◆ STORED DATA:
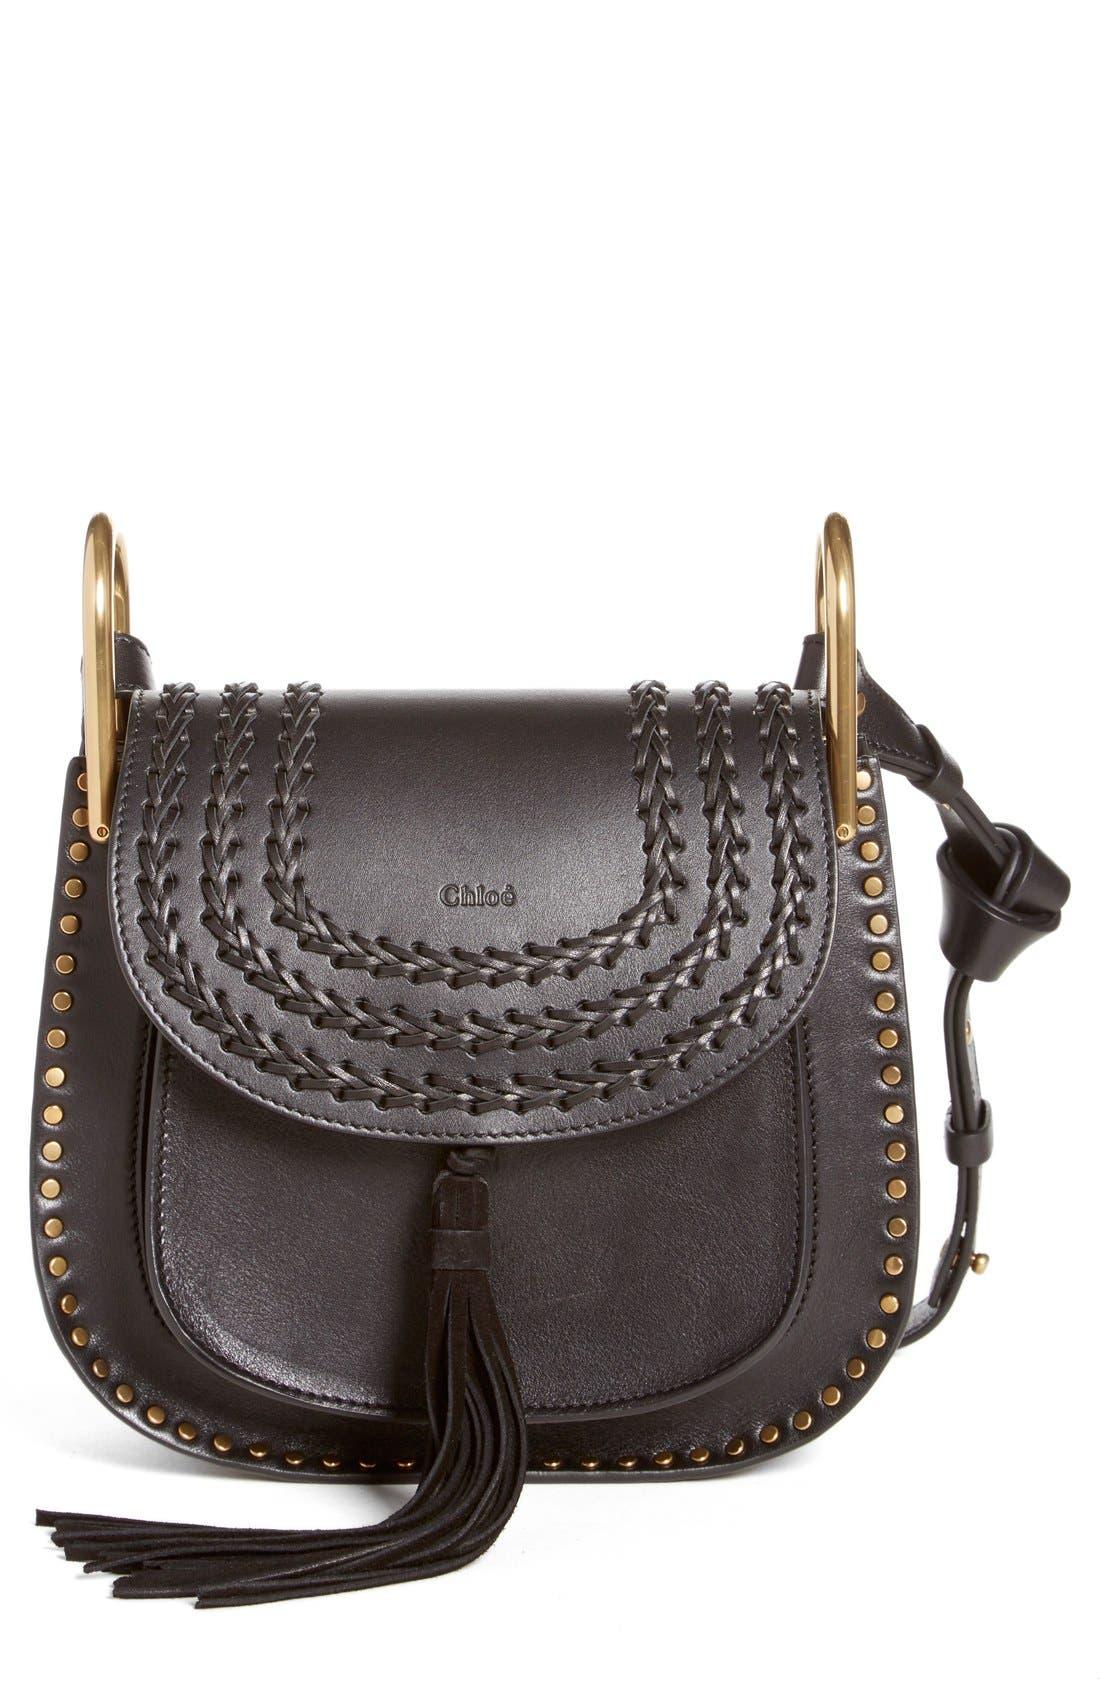 Main Image - Chloé 'Medium Hudson' Tassel Leather Shoulder Bag
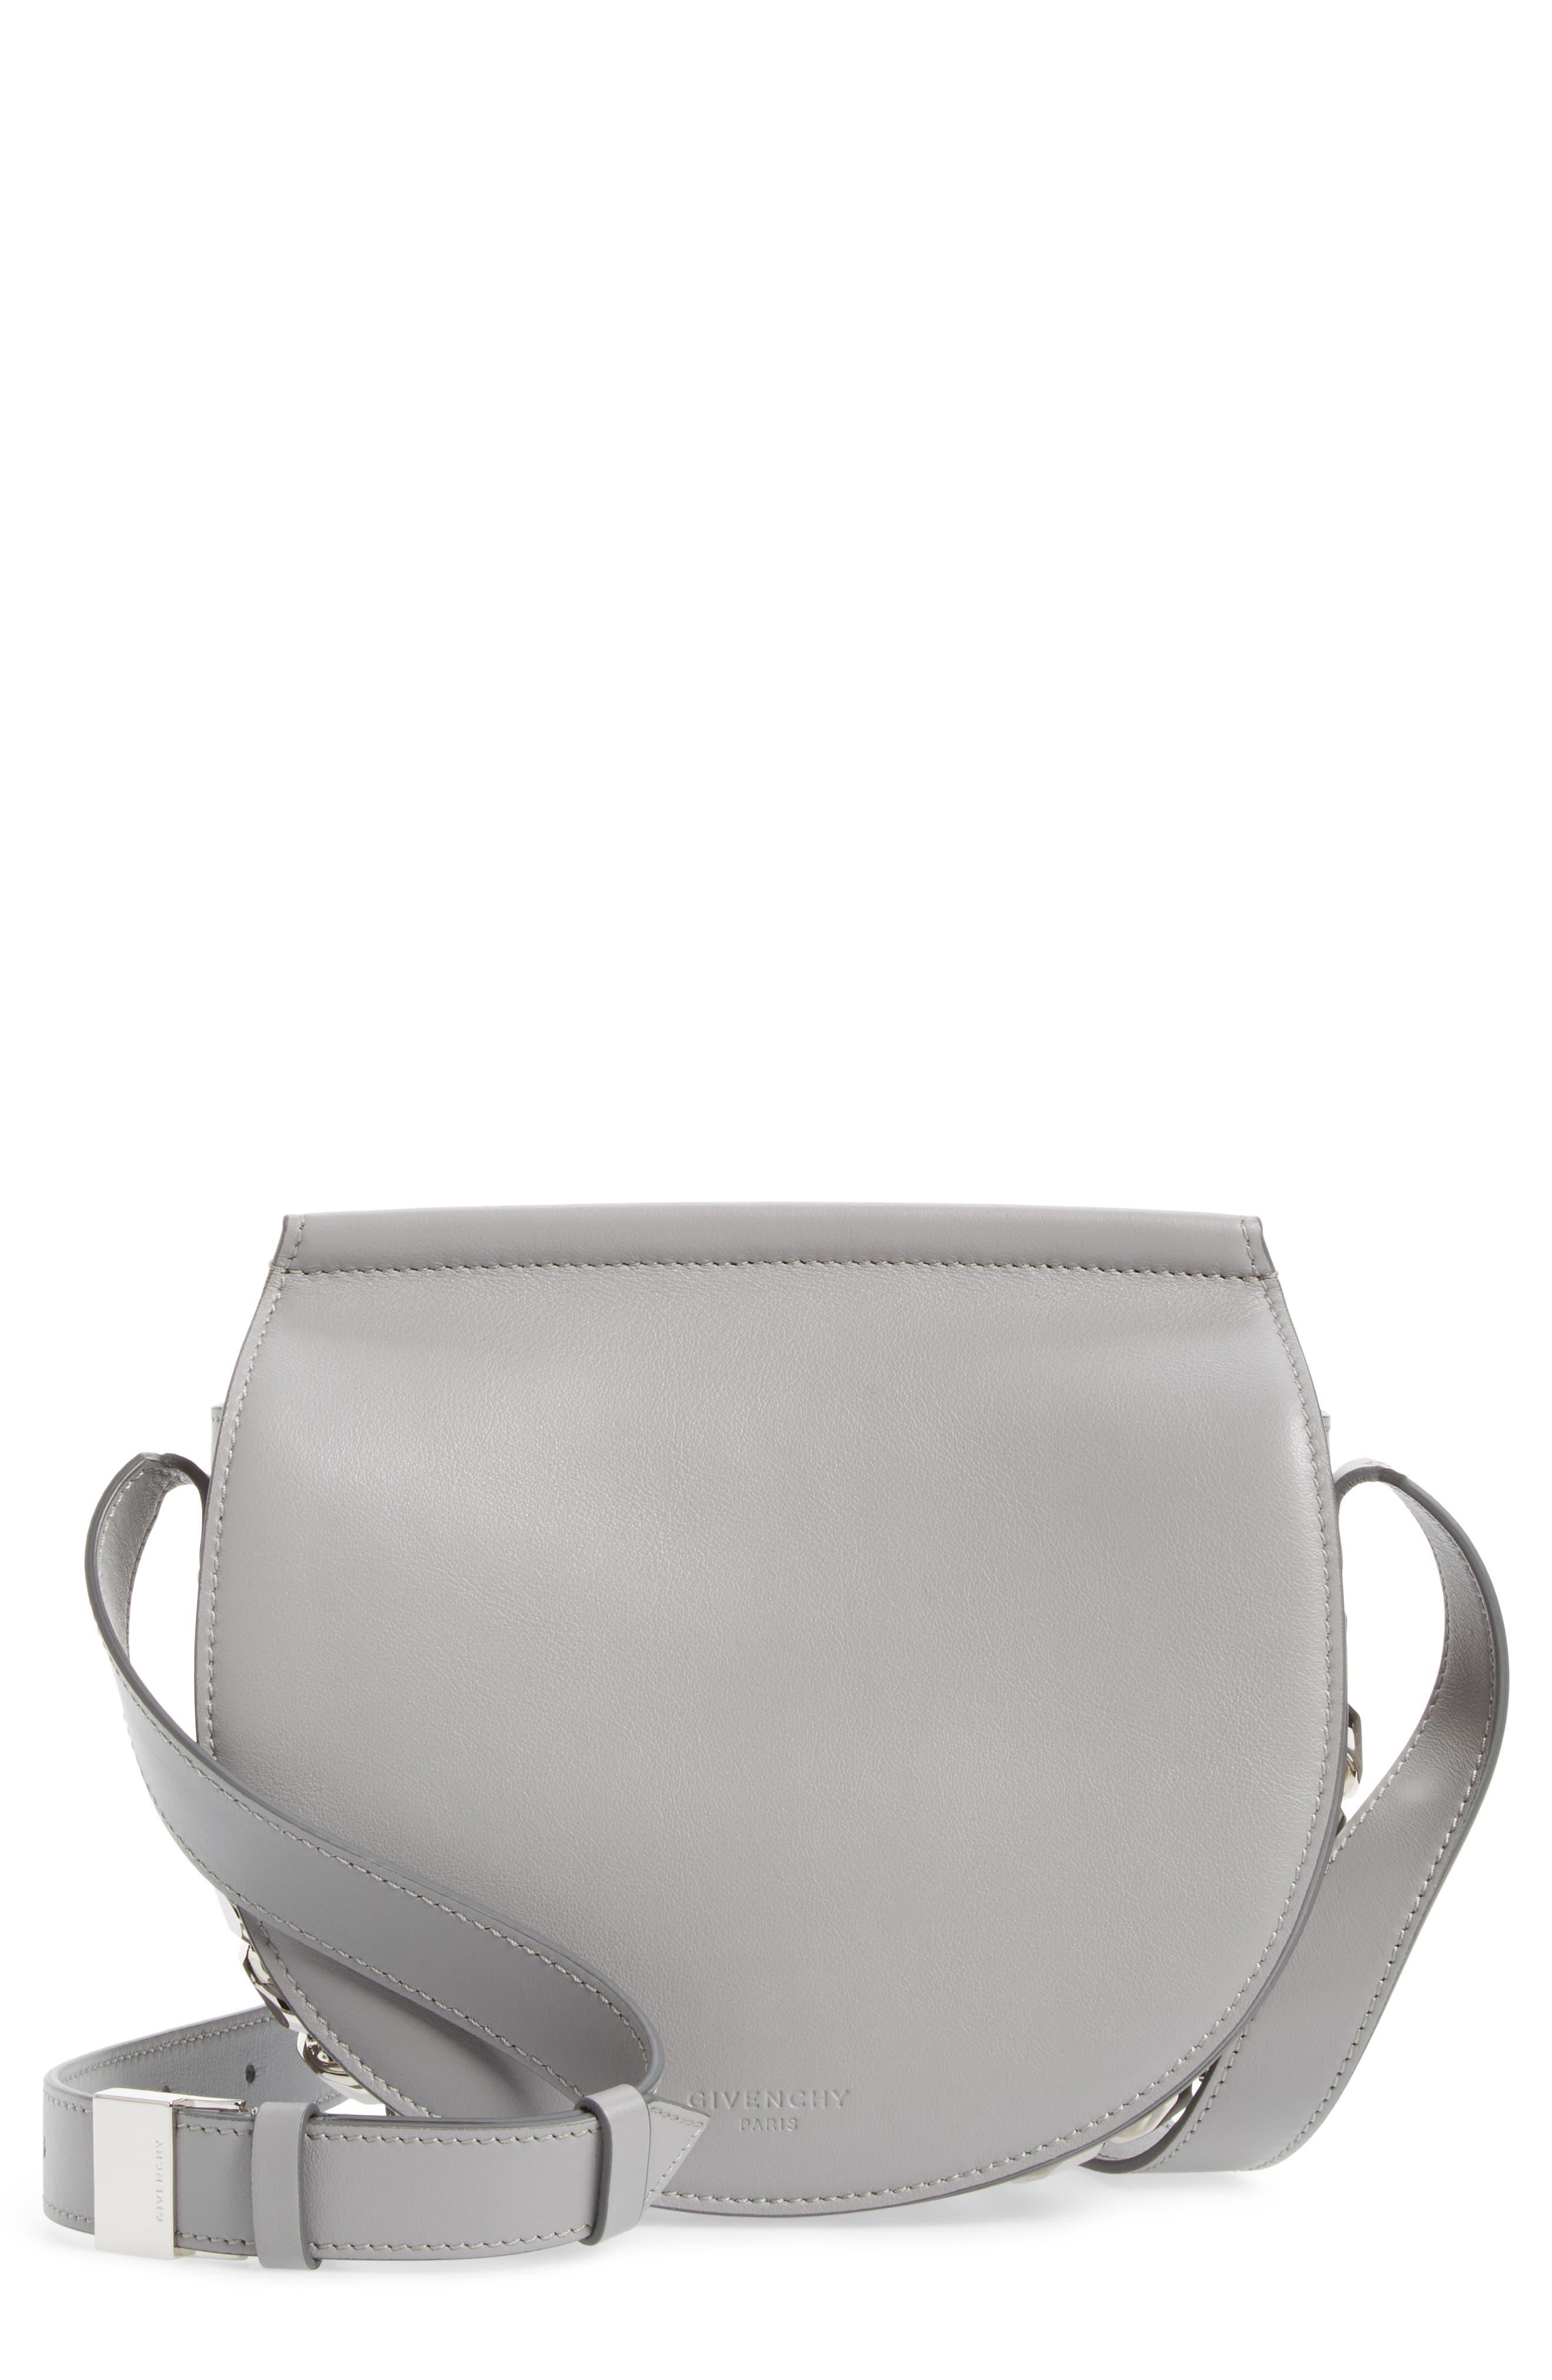 Alternate Image 1 Selected - Givenchy Mini Infinity Calfskin Leather Saddle Bag
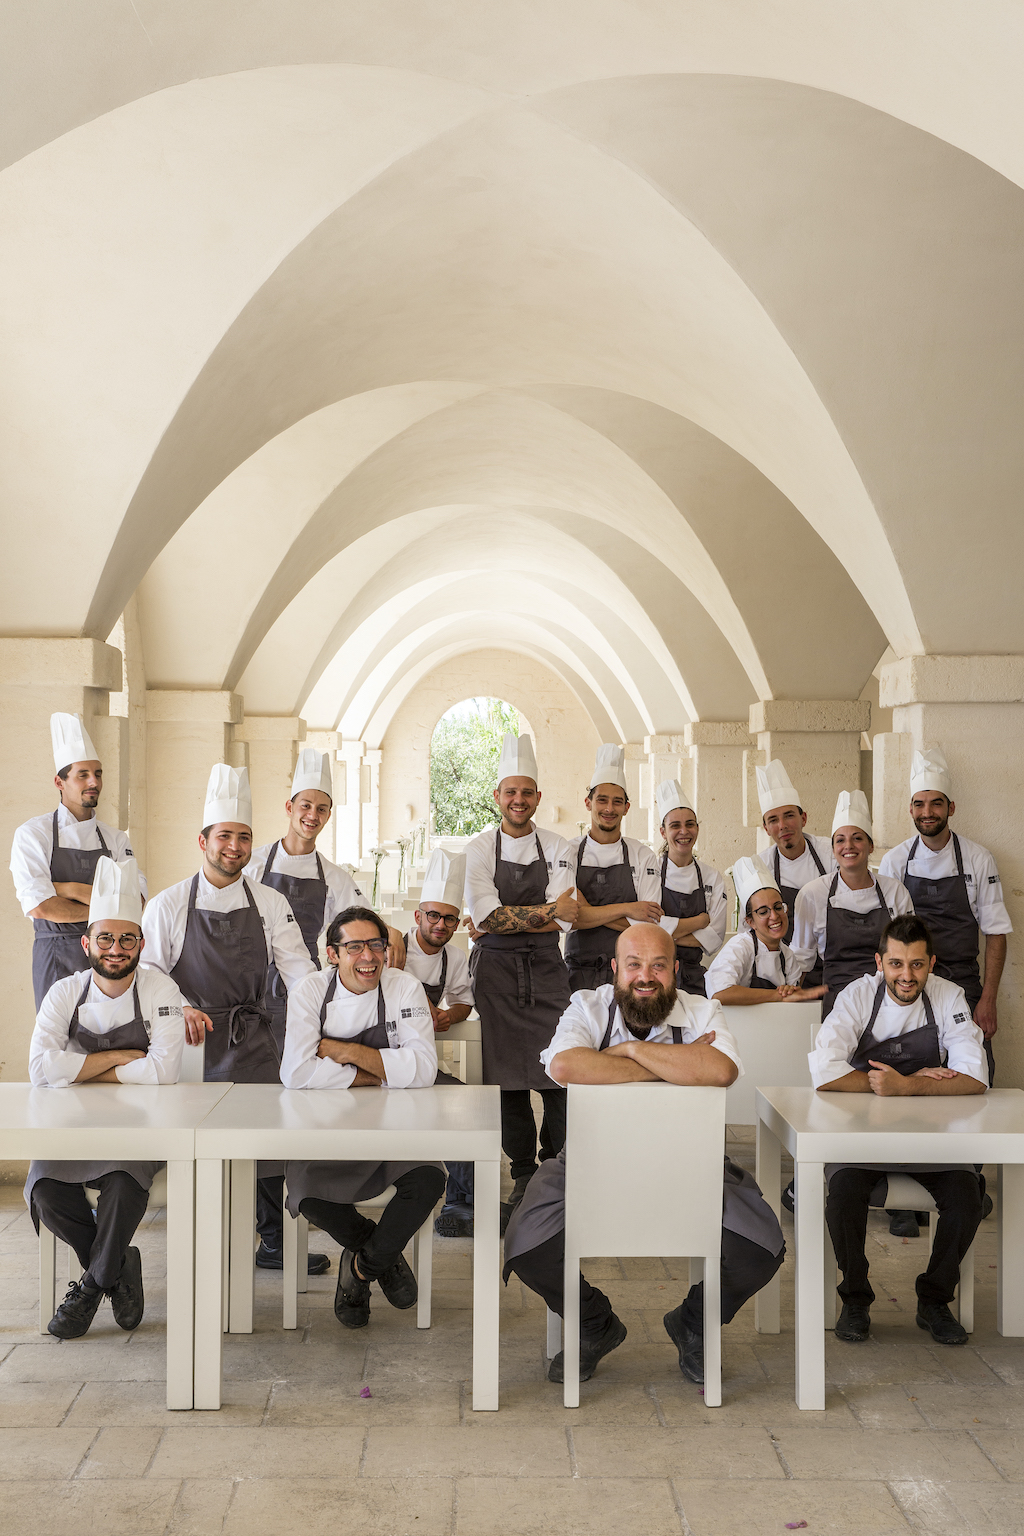 Borgo Egnazia Due Camini Menù Mediterraneo - Brigata Cucina _ Giorgio Baroni - PH Courtesy Borgo Egnazia

◆ THE TASK: All of the material above should be written out exactly as given, minus any images.

◆ WRITTEN SOLUTION:
 Main Image - Chloé 'Medium Hudson' Tassel Leather Shoulder Bag
 Alternate Image 1 Selected - Givenchy Mini Infinity Calfskin Leather Saddle Bag
 Borgo Egnazia Due Camini Menù Mediterraneo - Brigata Cucina _ Giorgio Baroni - PH Courtesy Borgo Egnazia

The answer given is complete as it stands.